- Born: Hans Oehler 18 December 1888 Aargau, Switzerland
- Died: 7 January 1967 (aged 78) Dielsdorf, Switzerland
- Occupation: Journalist
- Known for: Political activist
- Political party: Popular League for the Independence of Switzerland, National Front, Bund Treuer Eidgenossen Nationalsozialistischer Weltanschauung, National Movement of Switzerland, Volkspartei der Schweiz

= Hans Oehler =

Swiss journalist (1888–1967)

Hans Oehler (18 December 1888 – 7 January 1967) was a Swiss journalist and a sympathizer of Nazism.

Initially a journalist, Oehler turned his attention towards producing pro-German material. Later, he was one of the founders of the Schweizerische Monatshefte für Politik und Kultur (SM) in 1921. This very quickly became the mouthpiece for the Volksbund für die Unabhängigkeit der Schweiz (Popular League for the Independence of Switzerland), a group he had participated around the same time which opposed the League of Nations. He briefly met Adolf Hitler when Hitler visited Switzerland in 1923 and became a sympathizer of both Fascist Italy and Othmar Spann.

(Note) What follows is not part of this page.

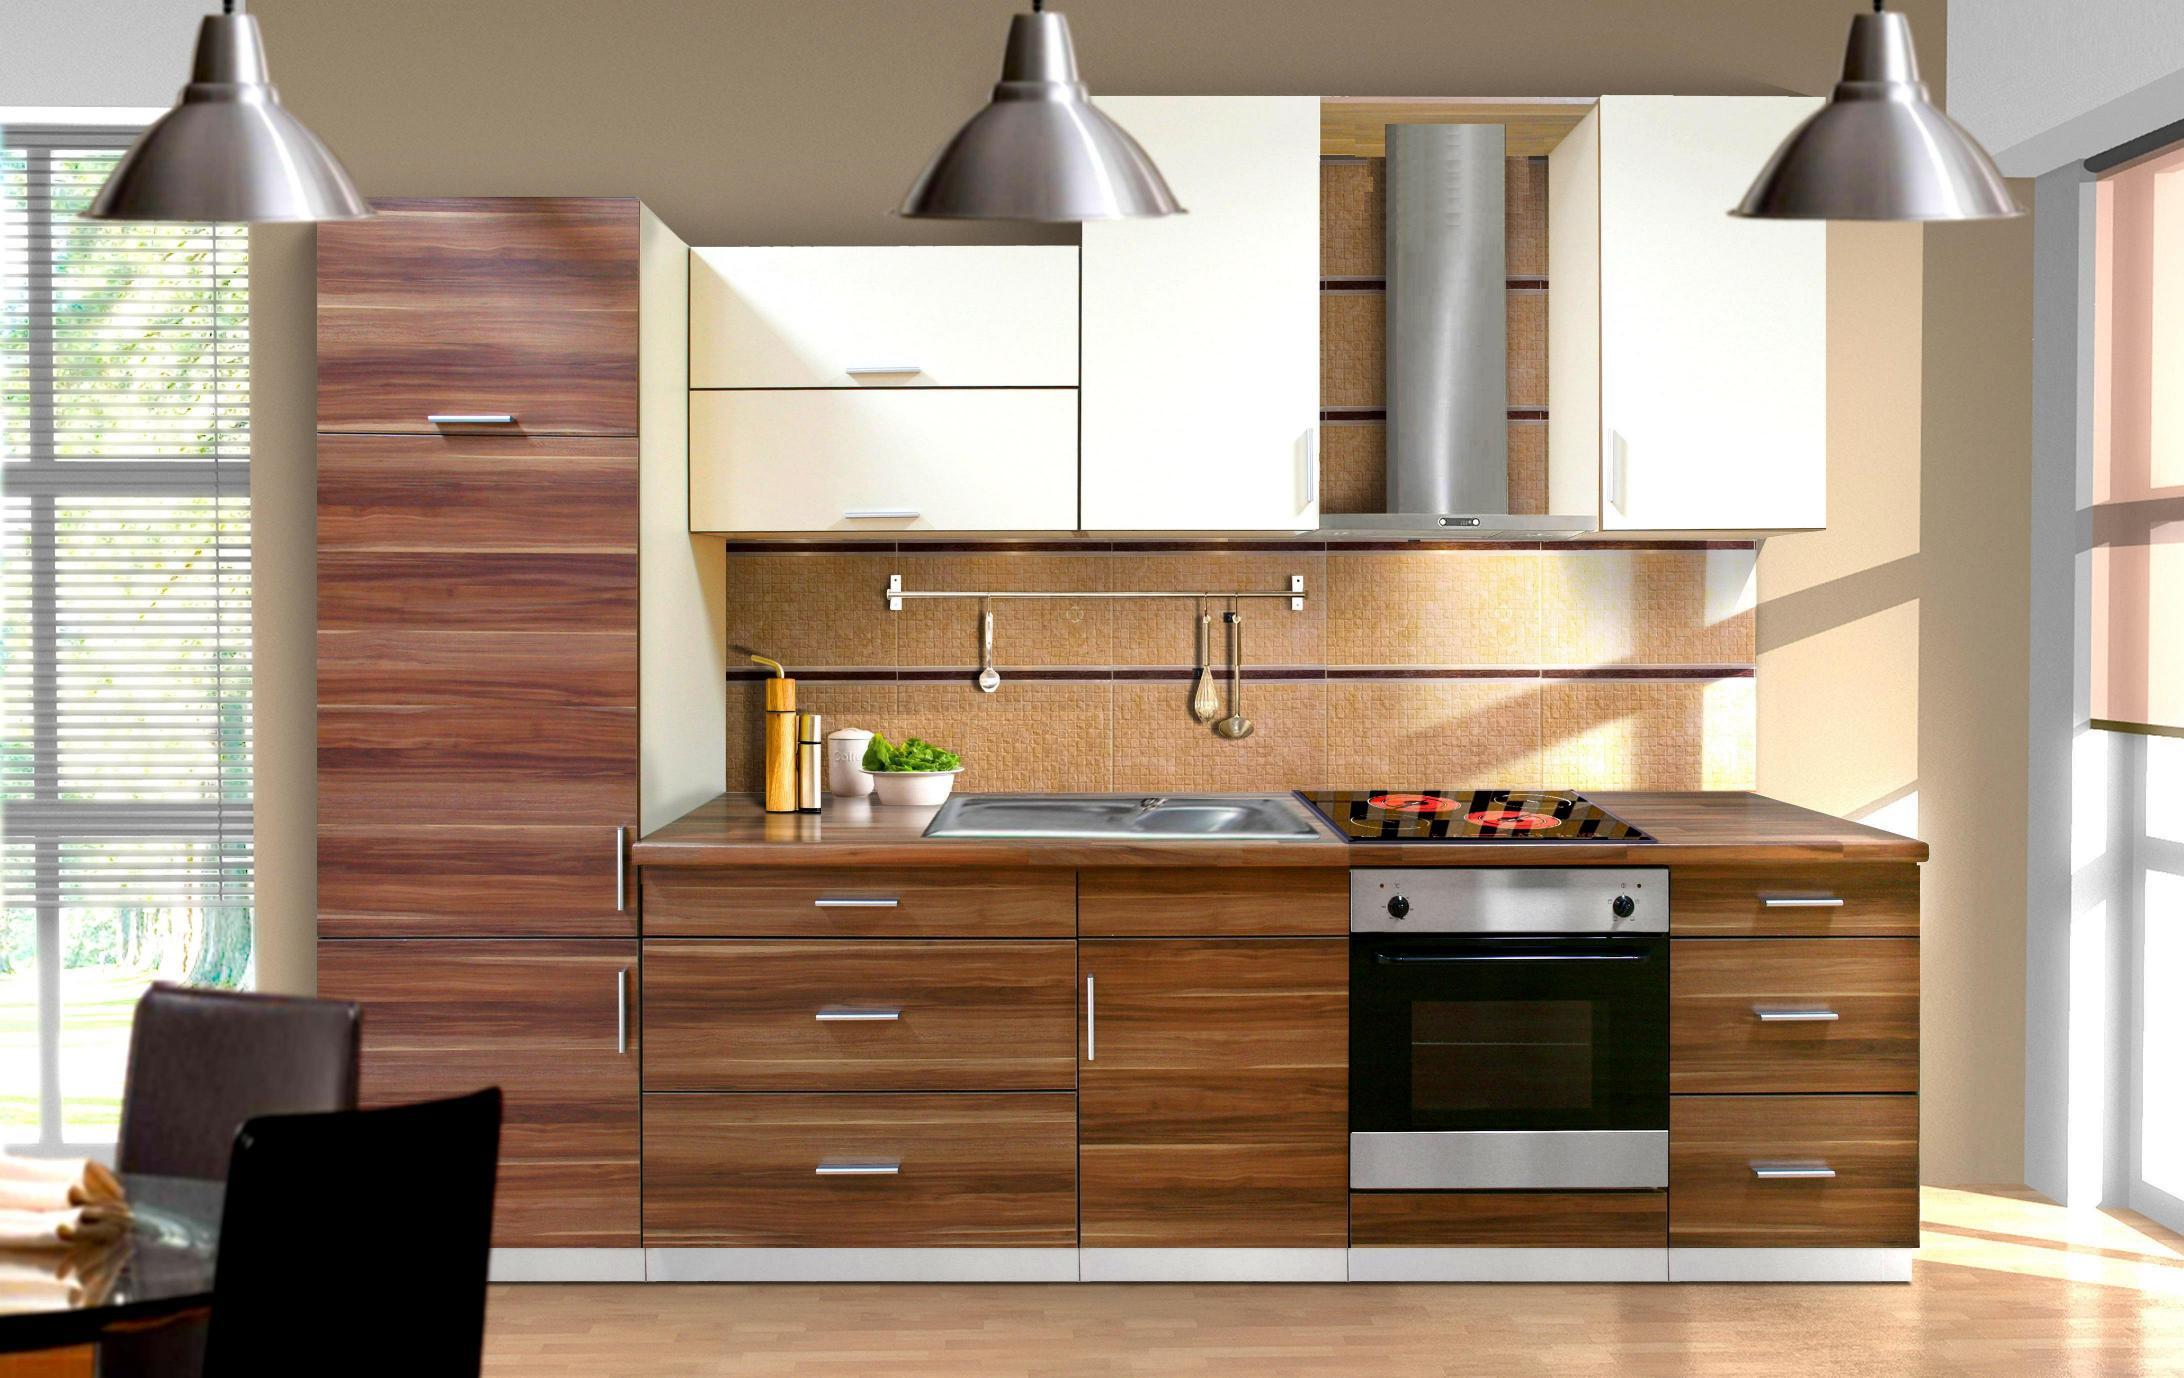 kitchen cabinet ideas modern photo - 9

Although the Popular League proved to be short-lived, Oehler continued to publish SM as an outlet for his political ideas until, in 1932, he joined the New Front. 1934 he had to resign as an editor of SM because of his pro-nazism mindset. With the launch of the National Front in 1934 Oehler took charge of editing the new party's paper Nationale Front, as well as being appointed foreign affairs spokesman. Ousted from SM by the Front he founded a new paper, Nationale Hefte and by 1938 had split from the Front altogether. After the split he joined with Rolf Henne in forming the hardline Nazi Bund Treuer Eidgenossen Nationalsozialistischer Weltanschauung, another minor group which was absorbed by the National Movement of Switzerland in 1940.

Oehler's profile fell as World War II neared its conclusion and he became very much a marginal figure in post-war Switzerland. Having attended a meeting in Munich in 1940 organised to bring together pro-Nazi Swiss leaders, Oehler was tried for treason by a federal court in 1947 and sentenced to two years in prison. Upon his release Oehler became a leading member of the Volkspartei der Schweiz and headed up the Swiss branch of Nation Europa, an international neo-Nazi journal. He also adopted the pseudonym Hans Rudolf to translate works into German, notably Nuremberg ou la Terre Promise of Maurice Bardèche, as well as writing for the far right journal Turmwart. Oehler continued his political activity until his death at Dielsdorf.